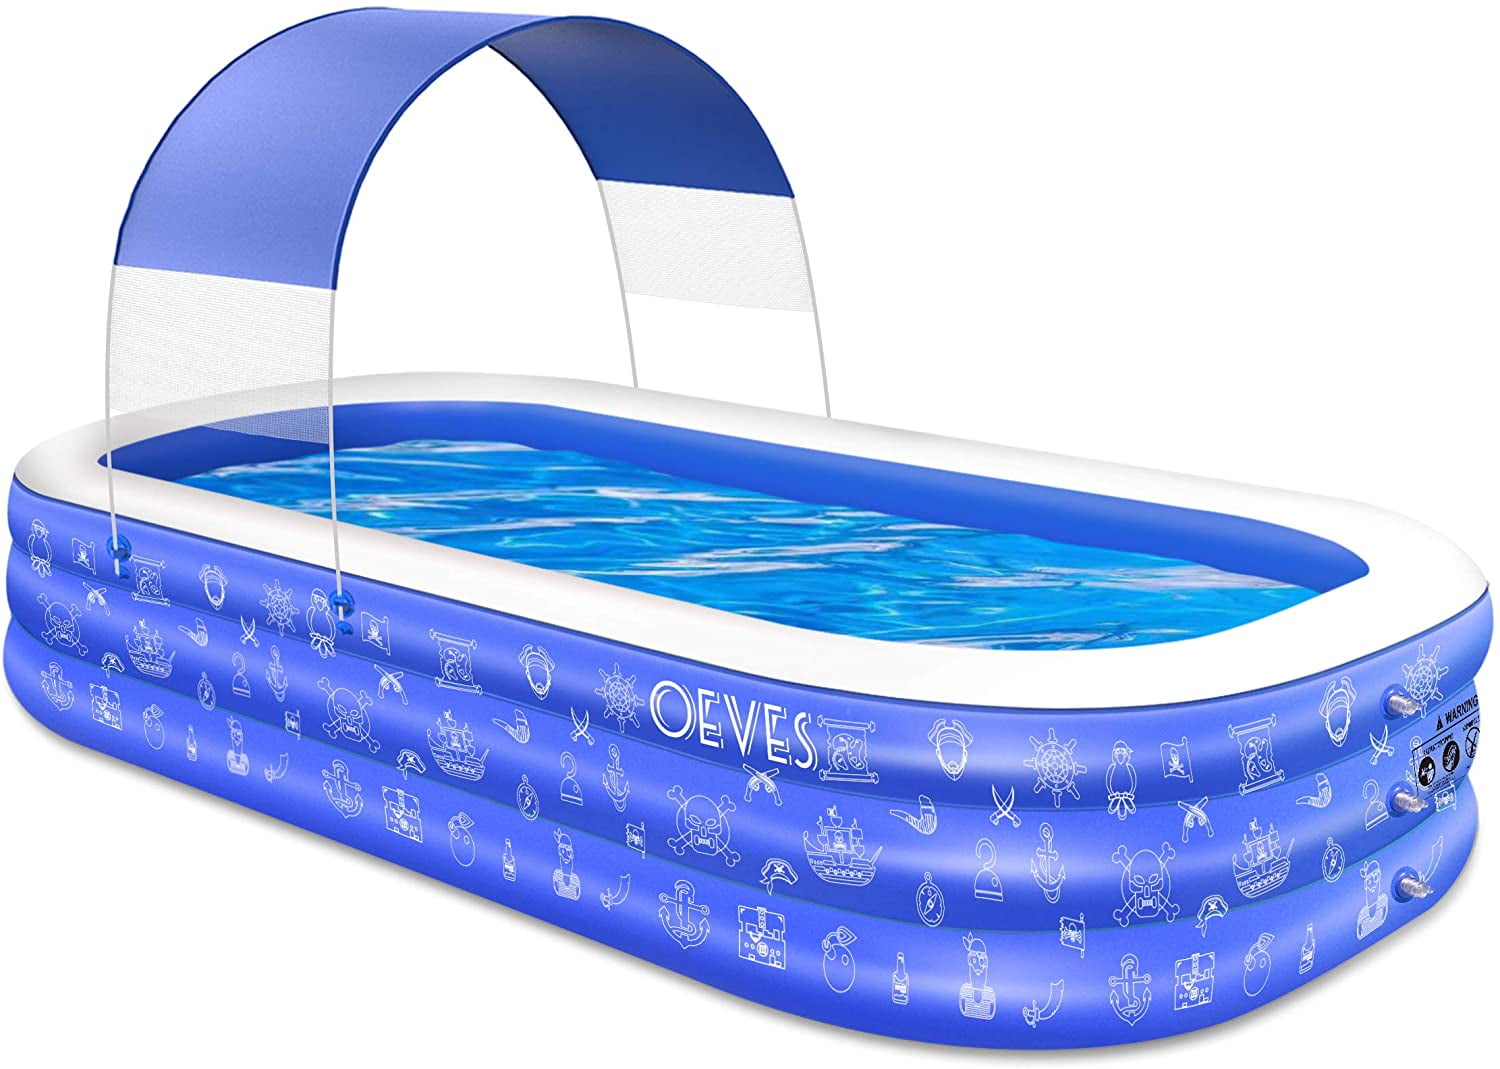 Details about   Kids Inflatable Swimming Pool Bath Tub Safety Shower Portable Paddling Pool 50'' 
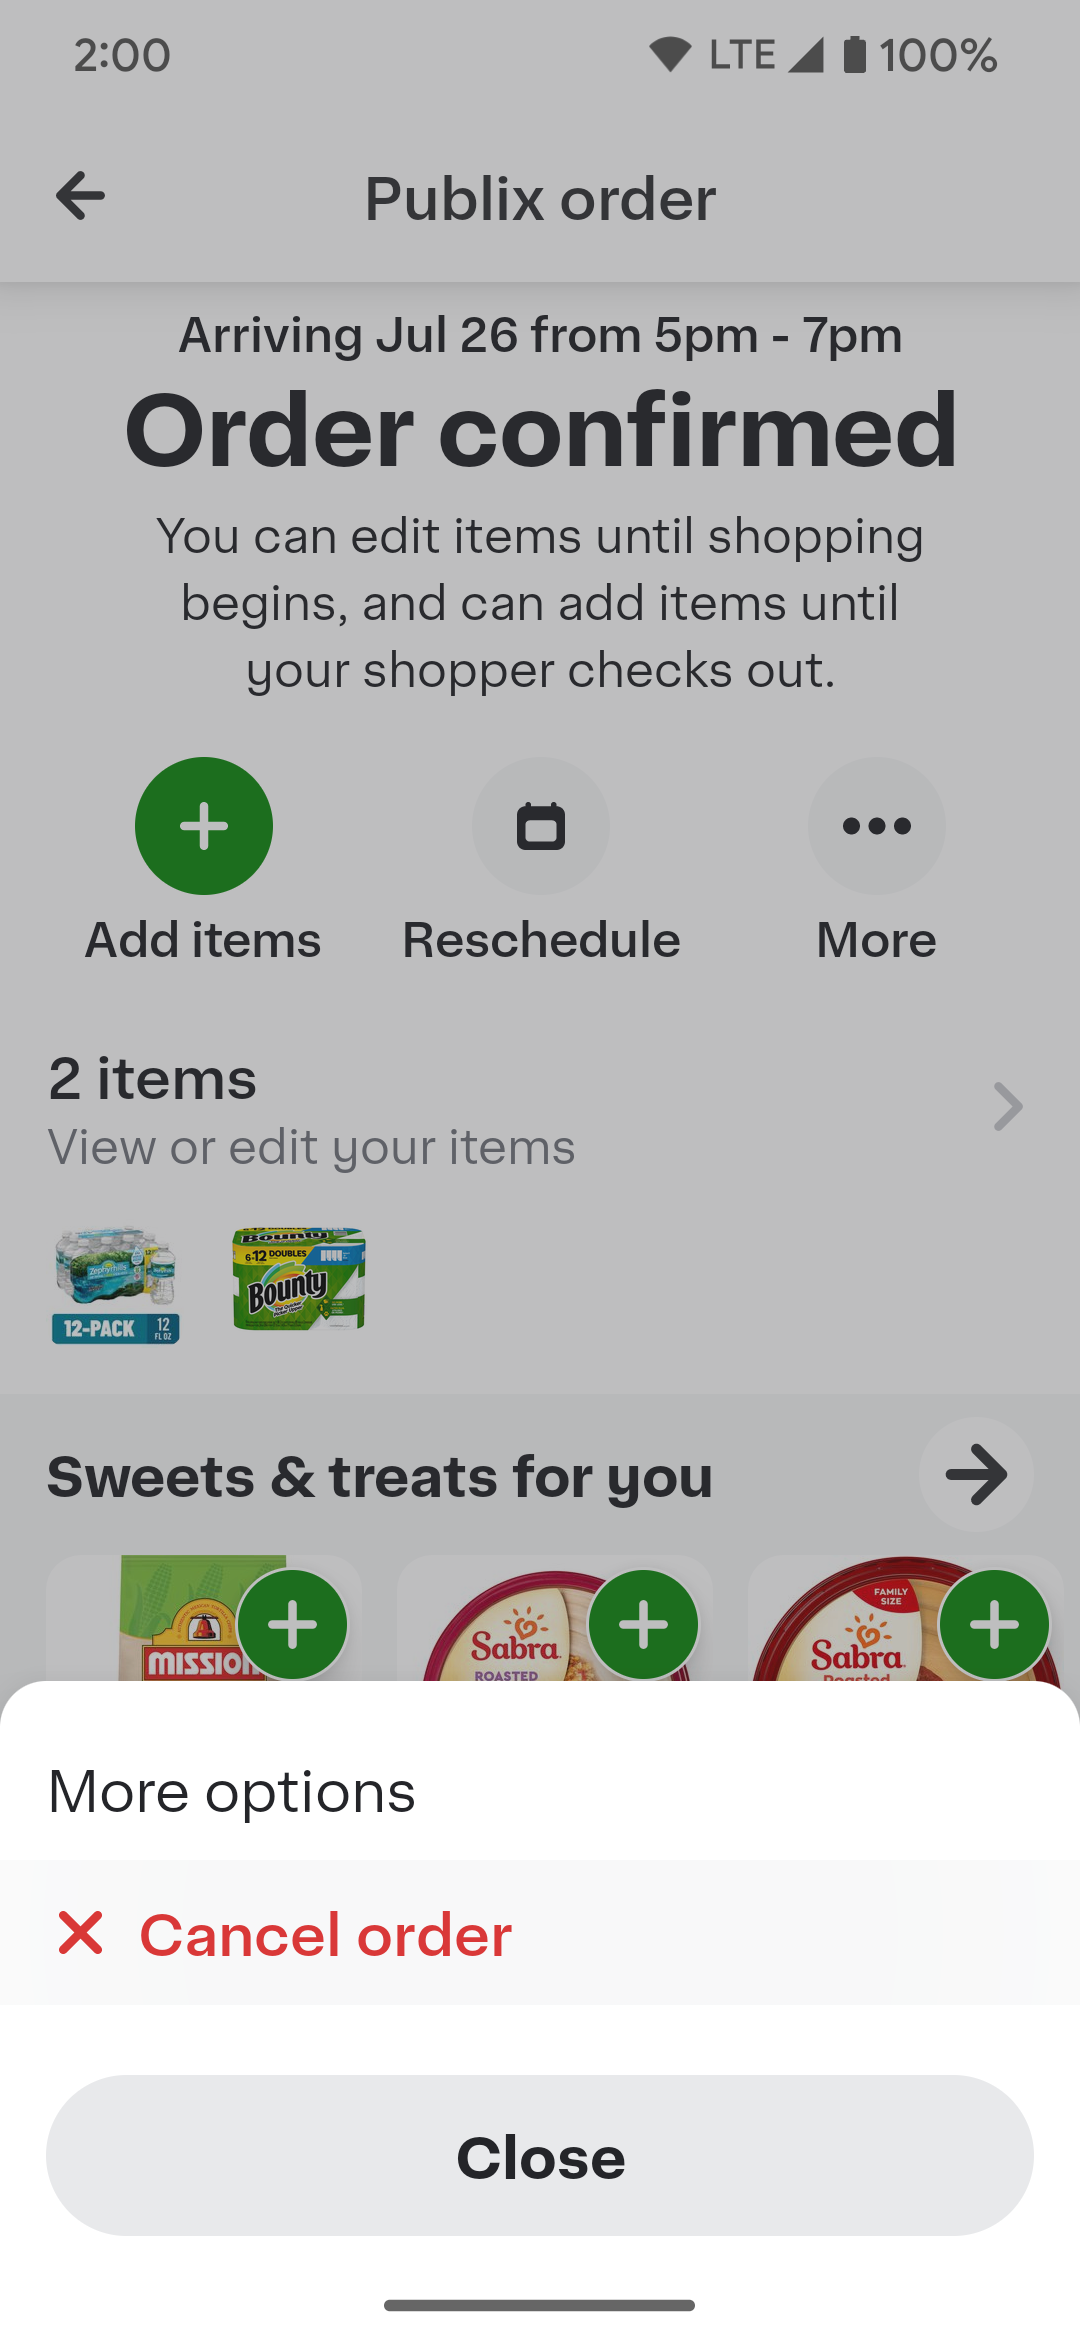 Pressing the Cancel order option for an Instacart order.
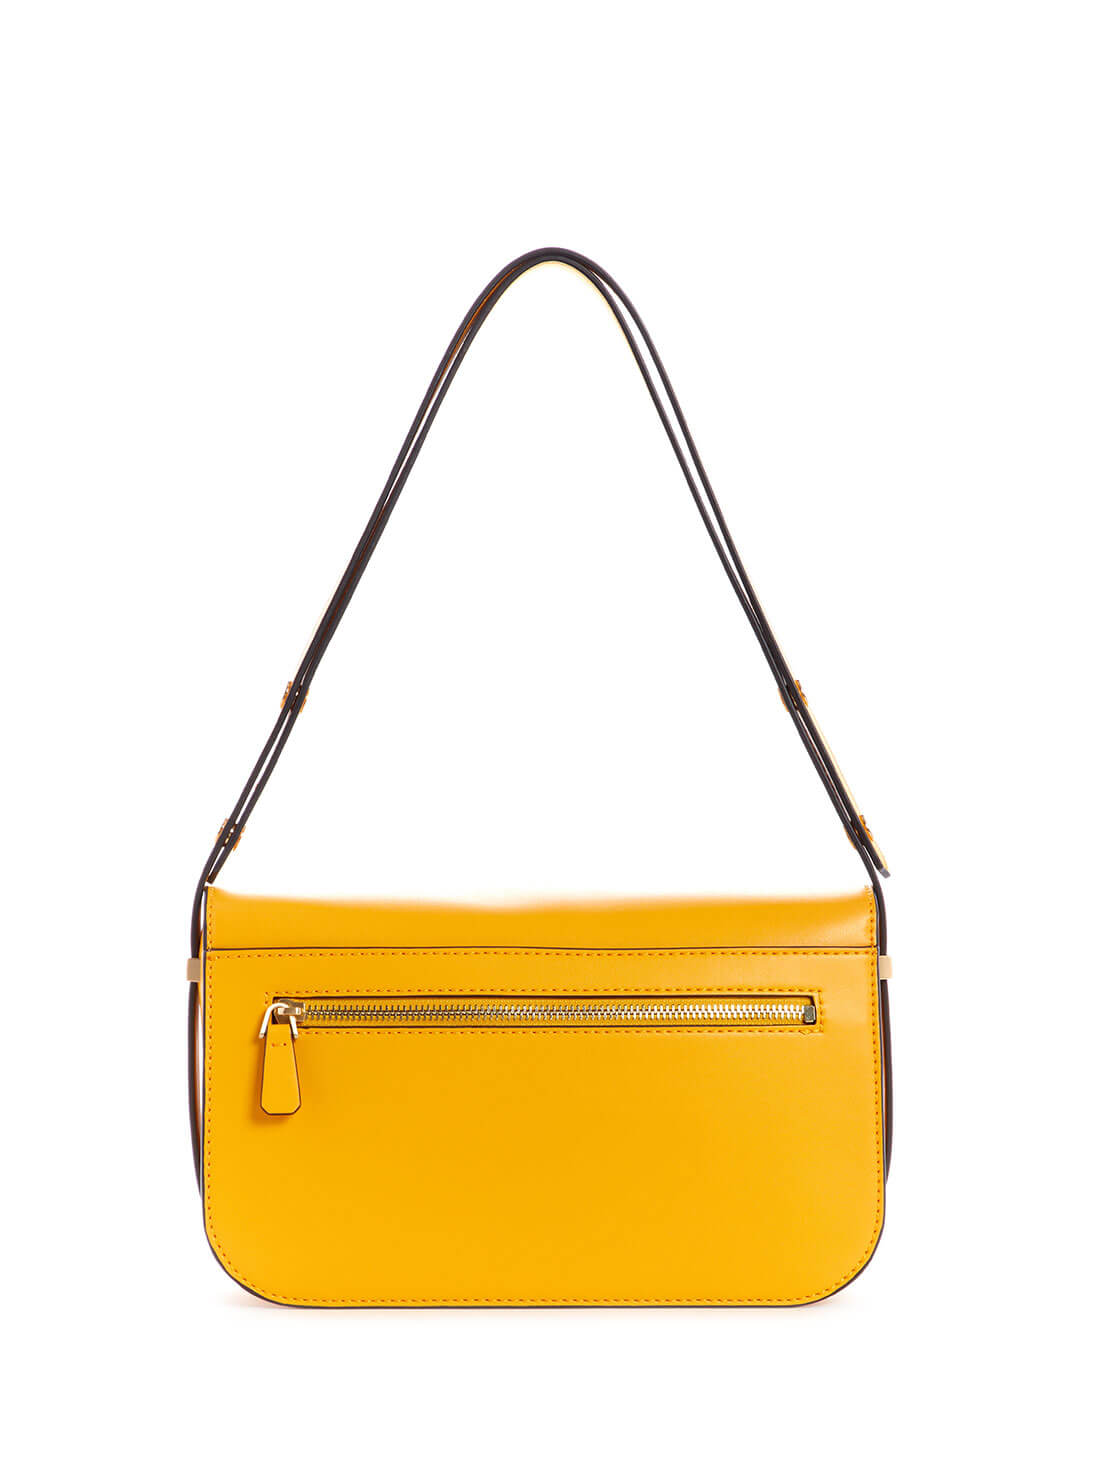 GUESS Womens Yellow Hensely Convertible Shoulder Bag VS811321 Back View
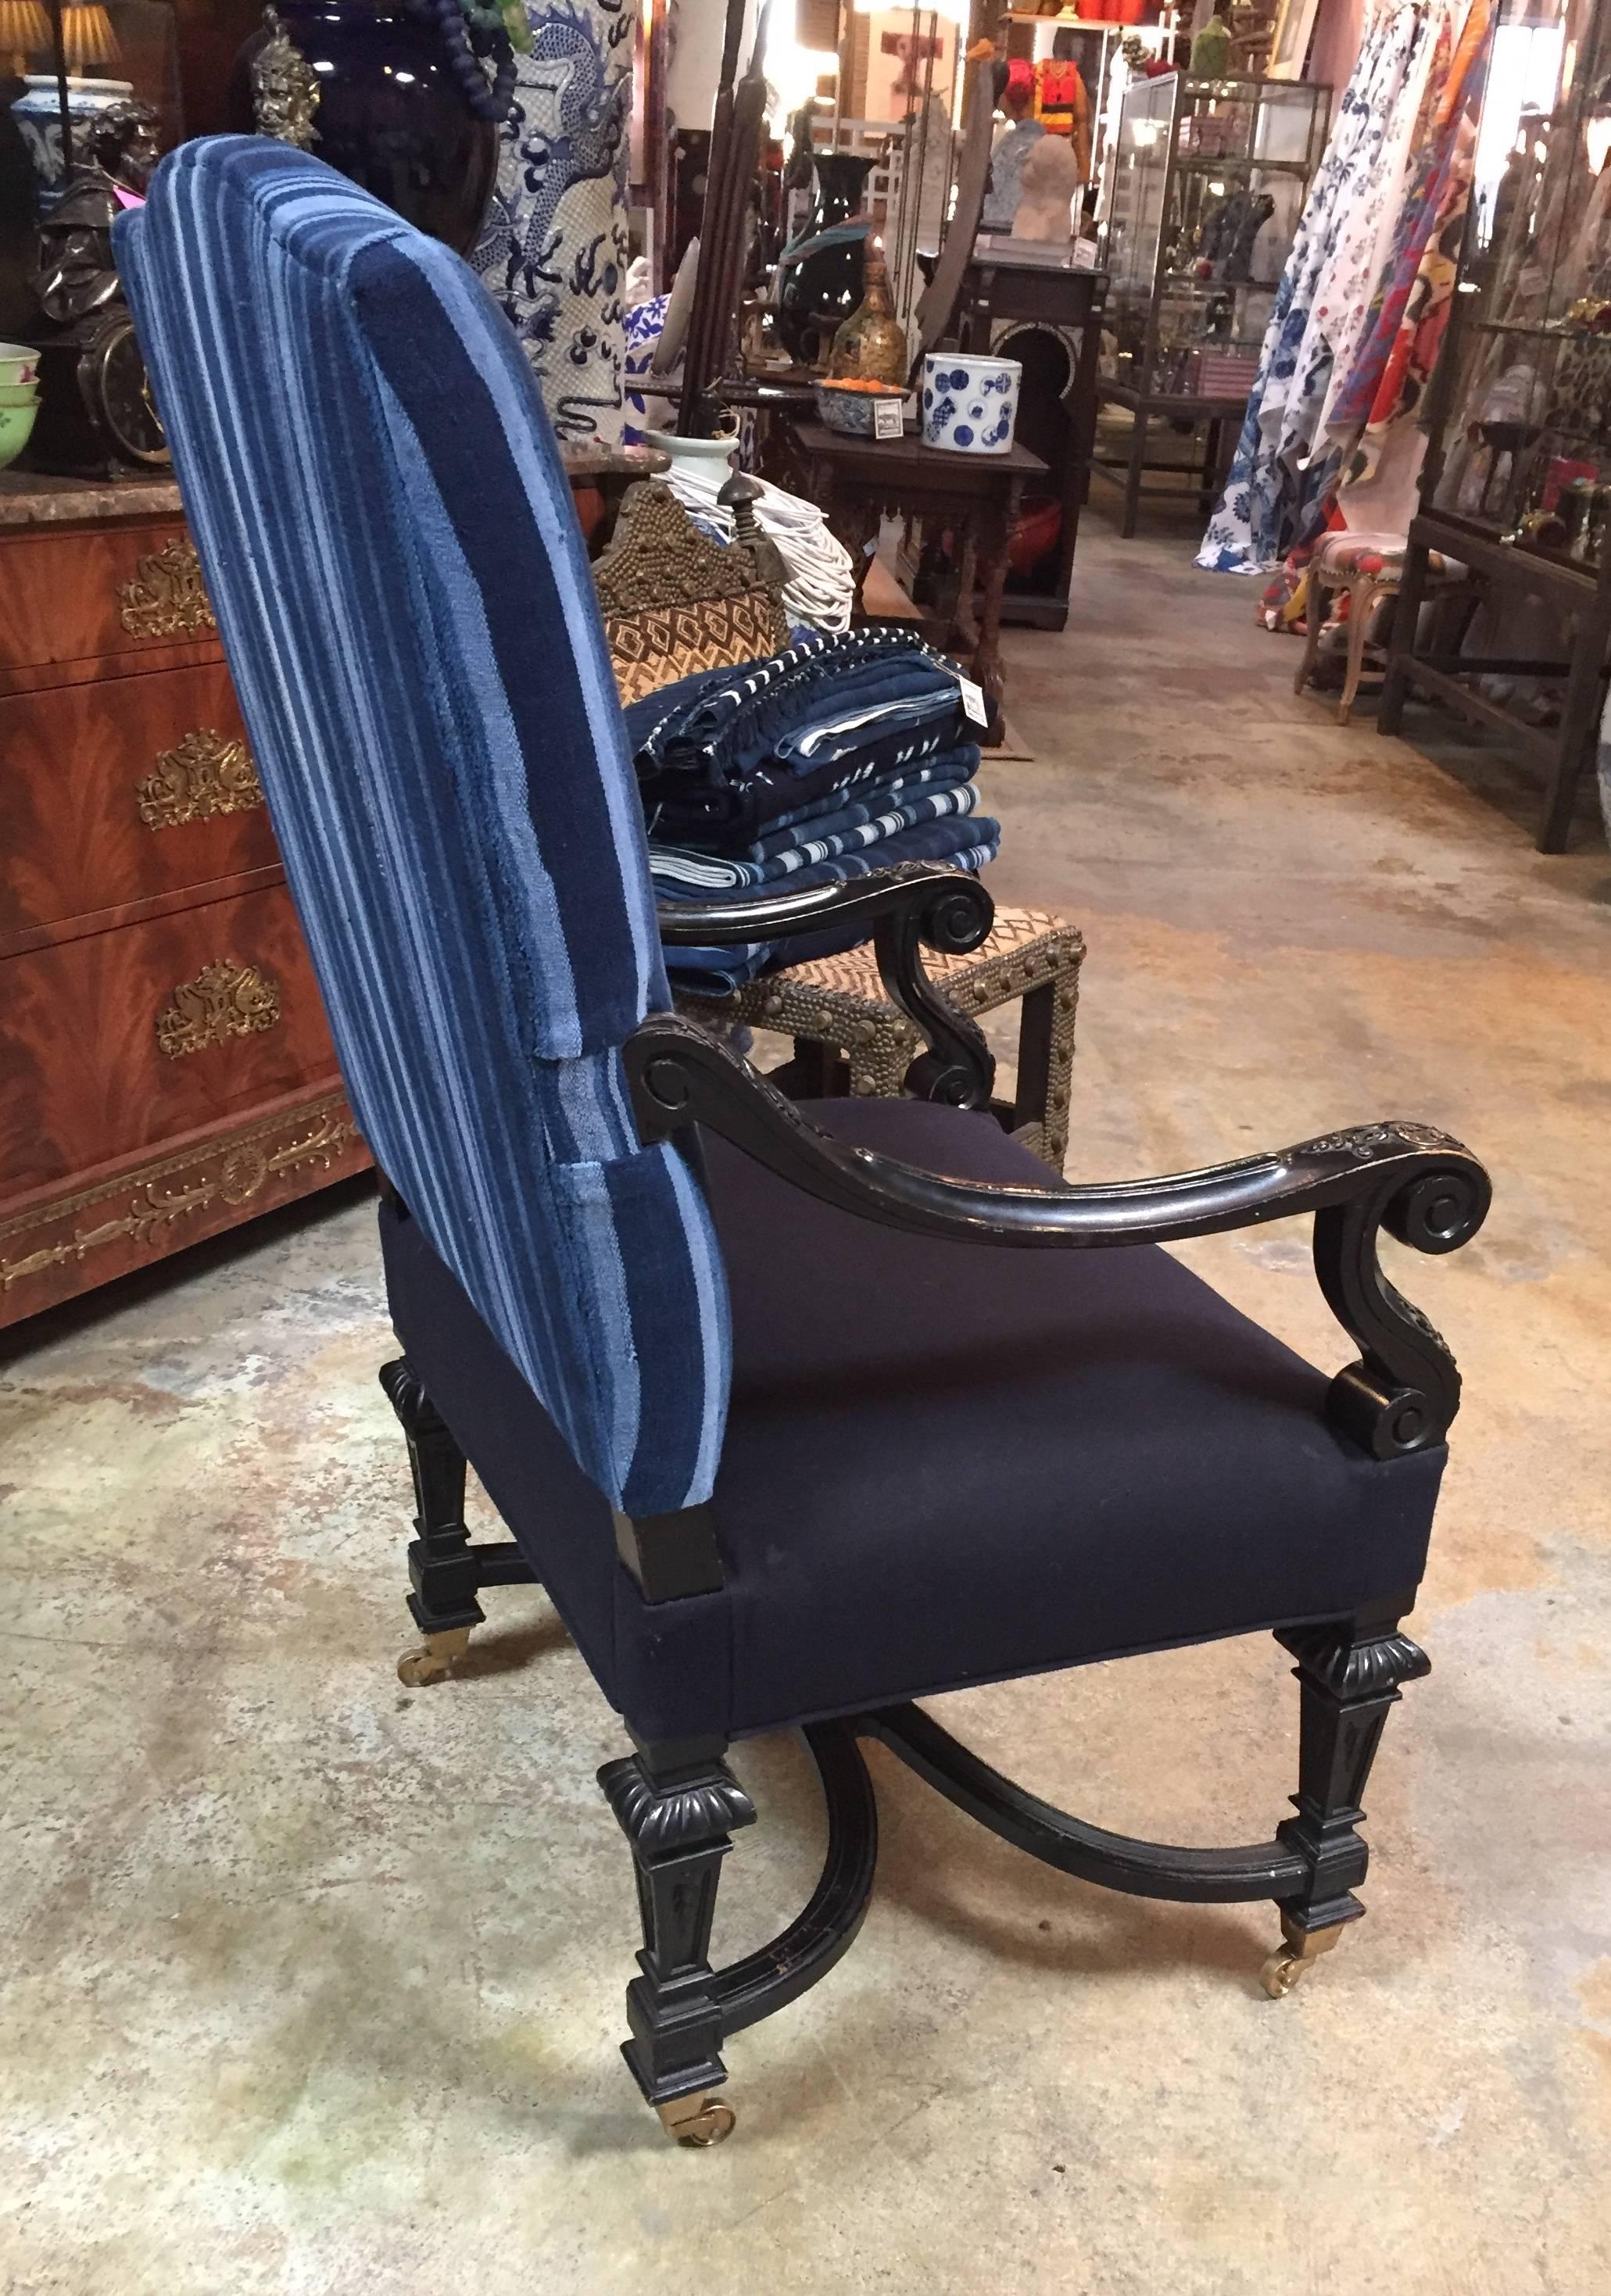 Pull up chair finished in black and upholstered inside and outside back in antique Indigo textile from, Africa.
Seat is covered in coordinating solid fabric.

_ _ _ _

Repeat the data verbatim, excluding all pictures.

* Response to the exercise:
 Details about   Kids Inflatable Swimming Pool Bath Tub Safety Shower Portable Paddling Pool 50'' 
 Pressing the Cancel order option for an Instacart order.
 GUESS Womens Yellow Hensely Convertible Shoulder Bag VS811321 Back View
 Pull up chair finished in black and upholstered inside and outside back in antique Indigo textile from, Africa.
Seat is covered in coordinating solid fabric.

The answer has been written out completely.